On this date in 1894, Aldous Huxley, grandson of Thomas Henry Huxley and brother of Julian Huxley, was born in Surrey. An eye disease blinded Aldous at age 16 for about a year and a half. He regained enough vision to study, read and become a successful novelist. Two volumes of his poetry were published while he was still a student at Oxford. He launched a successful career as a satiric writer of novels, which included: Crome Yellow (1921), Antic Hay (1923), Those Barren Leaves (1925), Point Counter Point (1928), Brief Candles (1930), Brave New World (1932) and Eyeless in Gaza (1936). His screenplays included "Pride and Prejudice" (MGM's version of the Austen book), "Madame Curie" (1938), and "Jane Eyre" (1944). Huxley observed toward the end of his life: "It is a bit embarrassing to have been concerned with the human problem all one's life and find at the end that one has no more to offer by way of advice than 'Try to be a little kinder.' " D. 1963.

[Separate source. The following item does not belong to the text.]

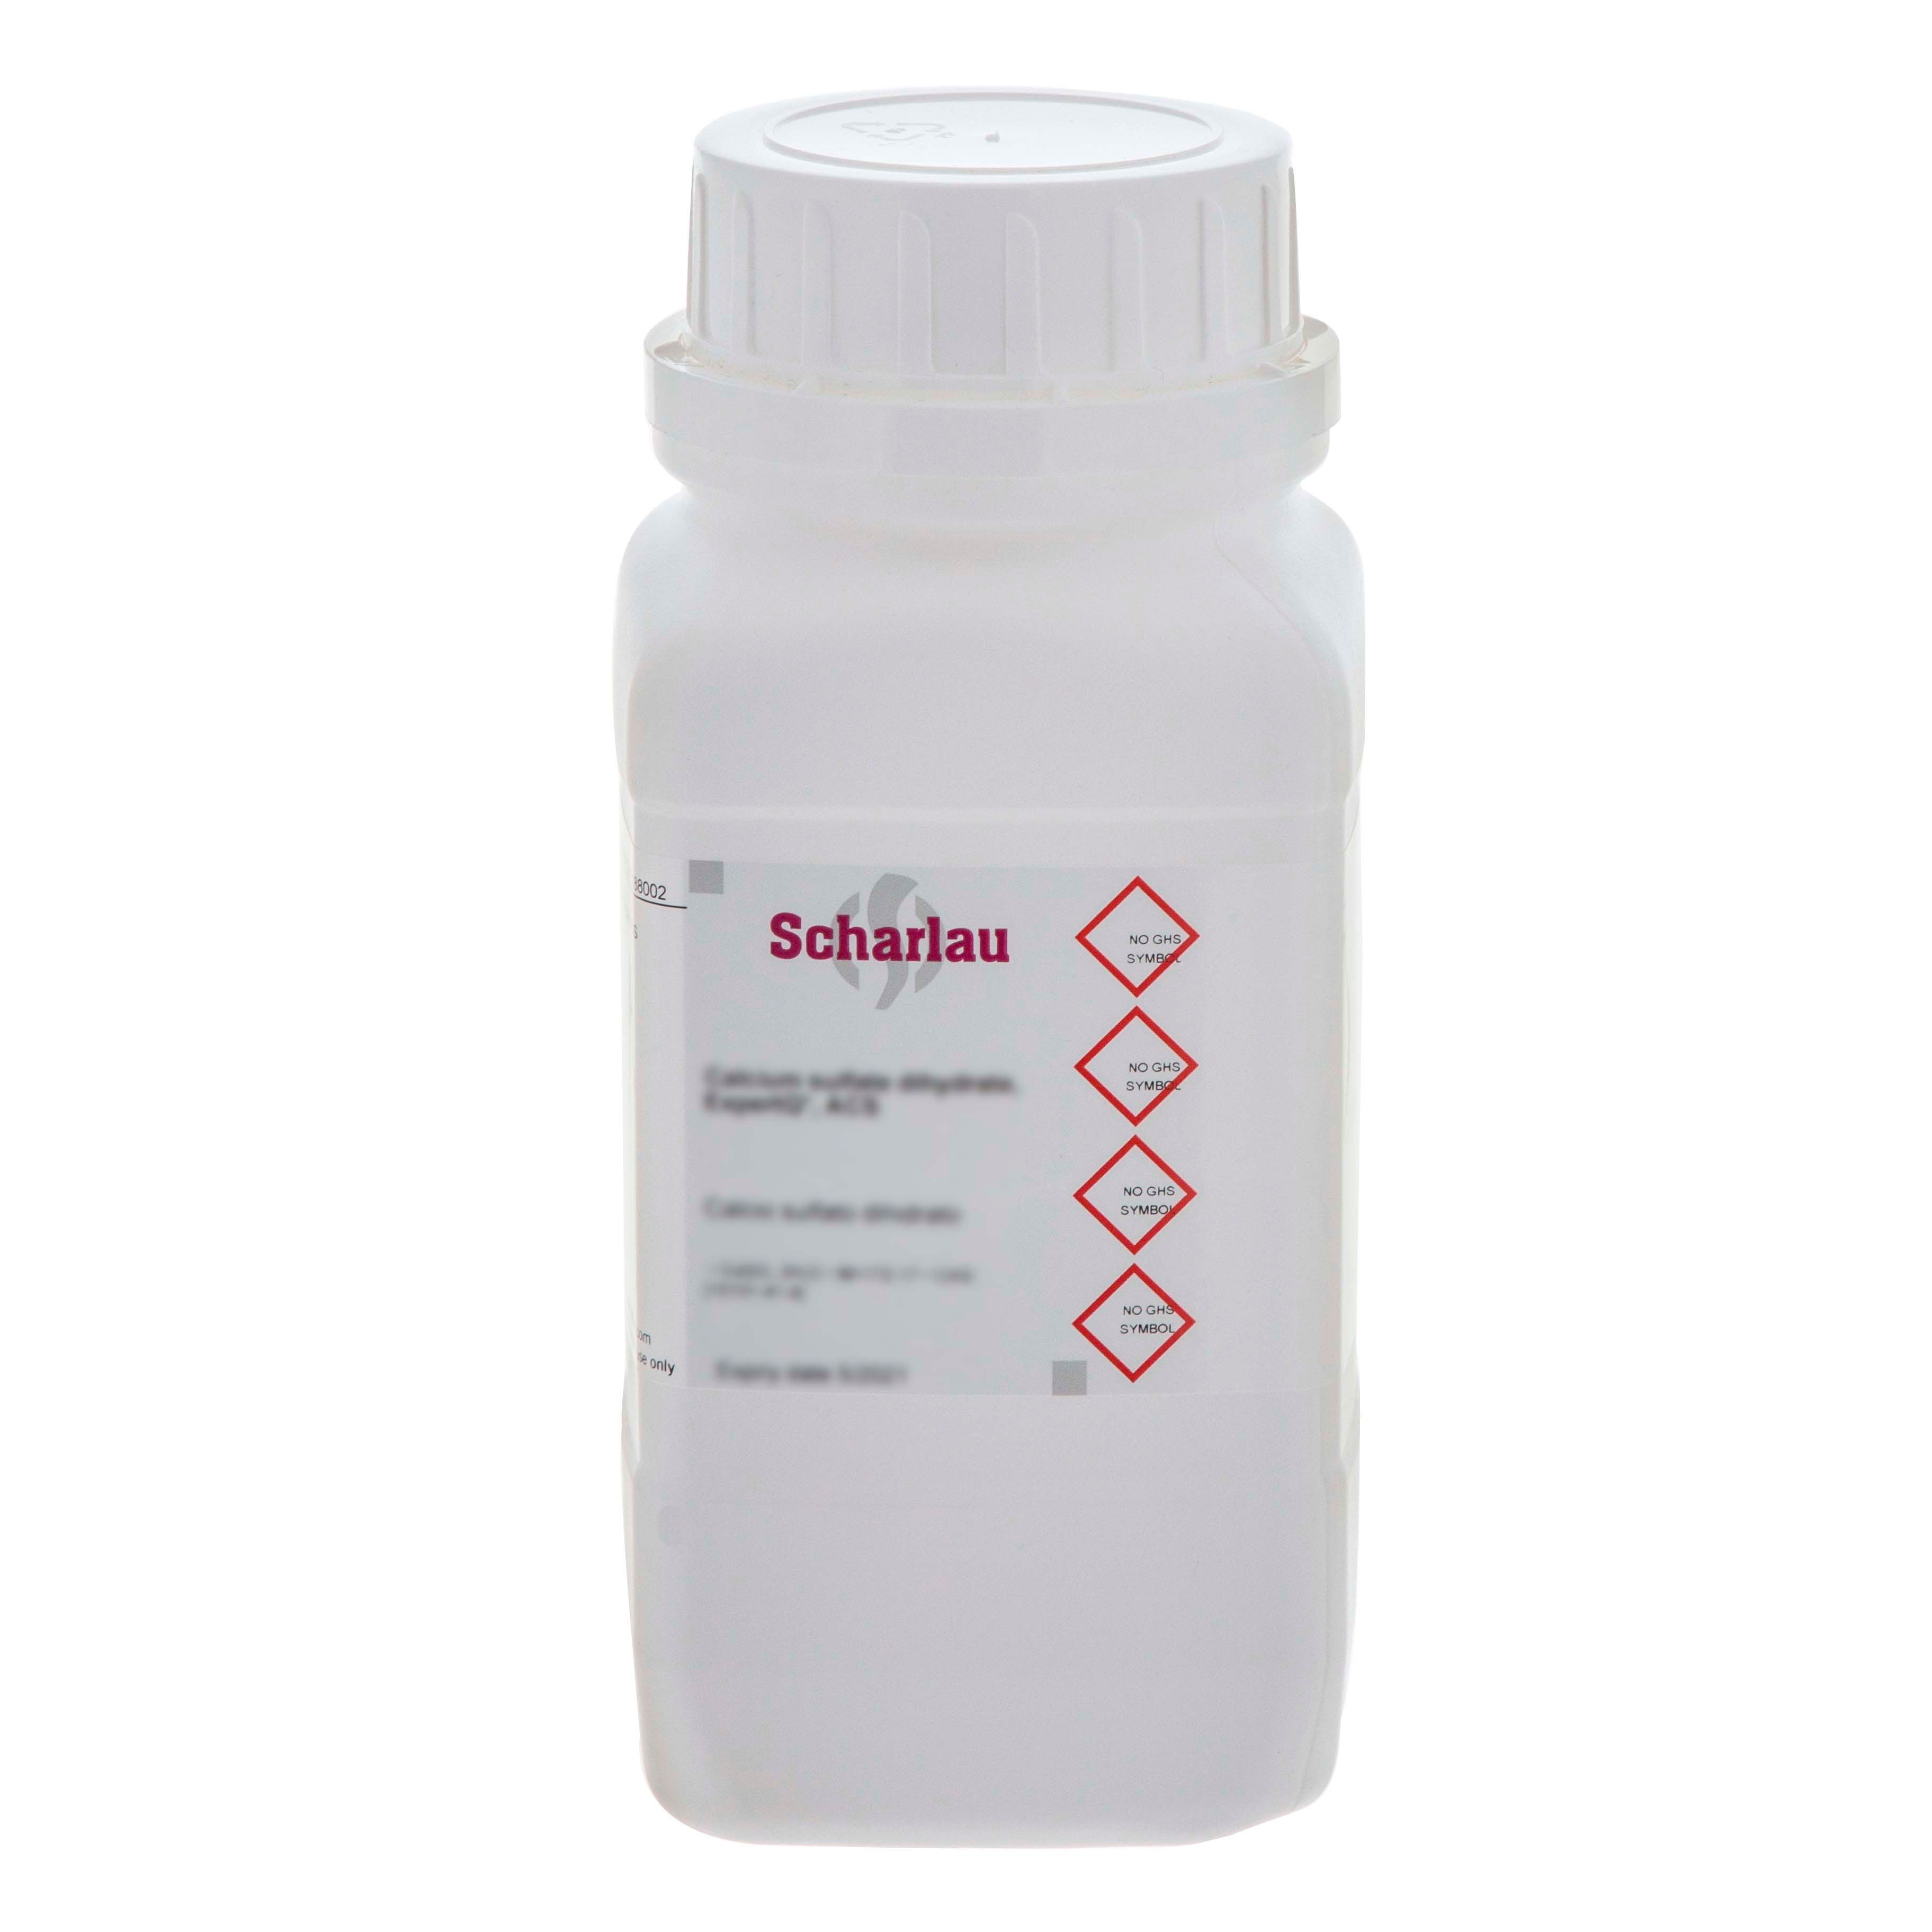 Fluoresceína sódica, C.I. 45350, EssentQ®

“If we must play the theological game, let us never forget that it is a game. Religion, it seems to me, can survive only as a consciously accepted system of make-believe . . .

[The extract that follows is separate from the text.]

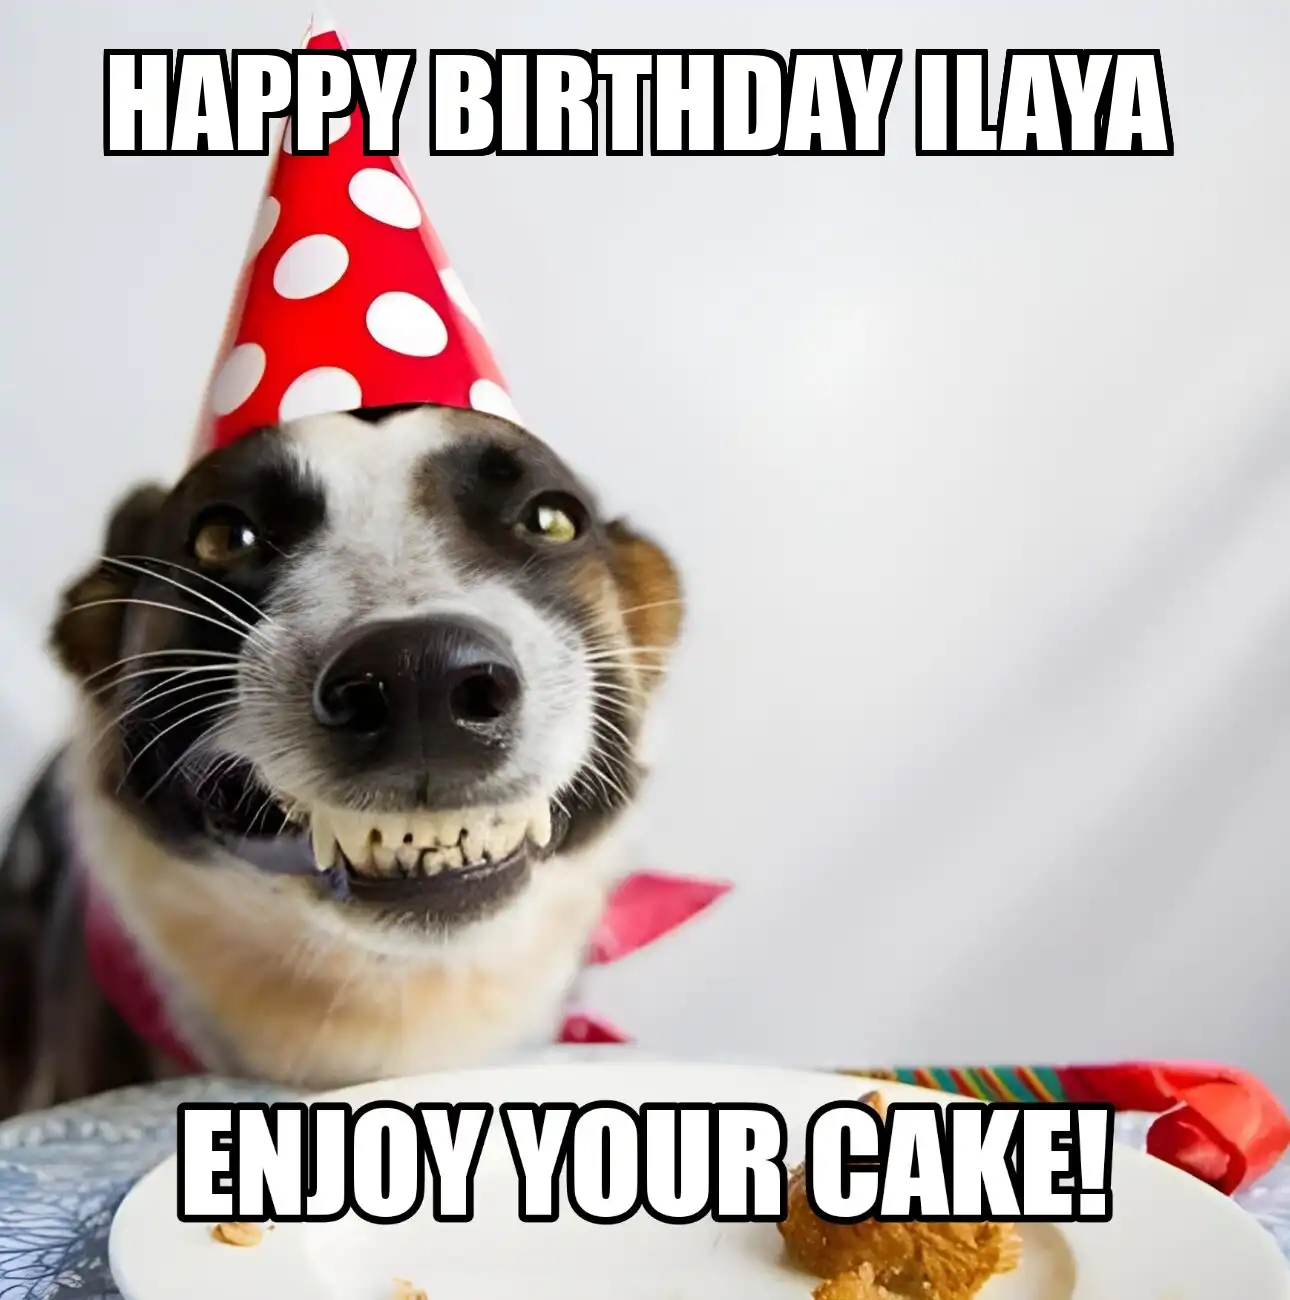 Happy Birthday Ilaya Enjoy Your Cake Dog Meme

You never see animals going through the absurd and often horrible fooleries of magic and religion . . . Asses do not bray a liturgy to cloudless skies. Nor do cats attempt, by abstinence from cat's meat, to wheedle the feline spirits into benevolence. Only man behaves with such gratuitous folly. It is the price he has to pay for being intelligent but not, as yet, quite intelligent enough.”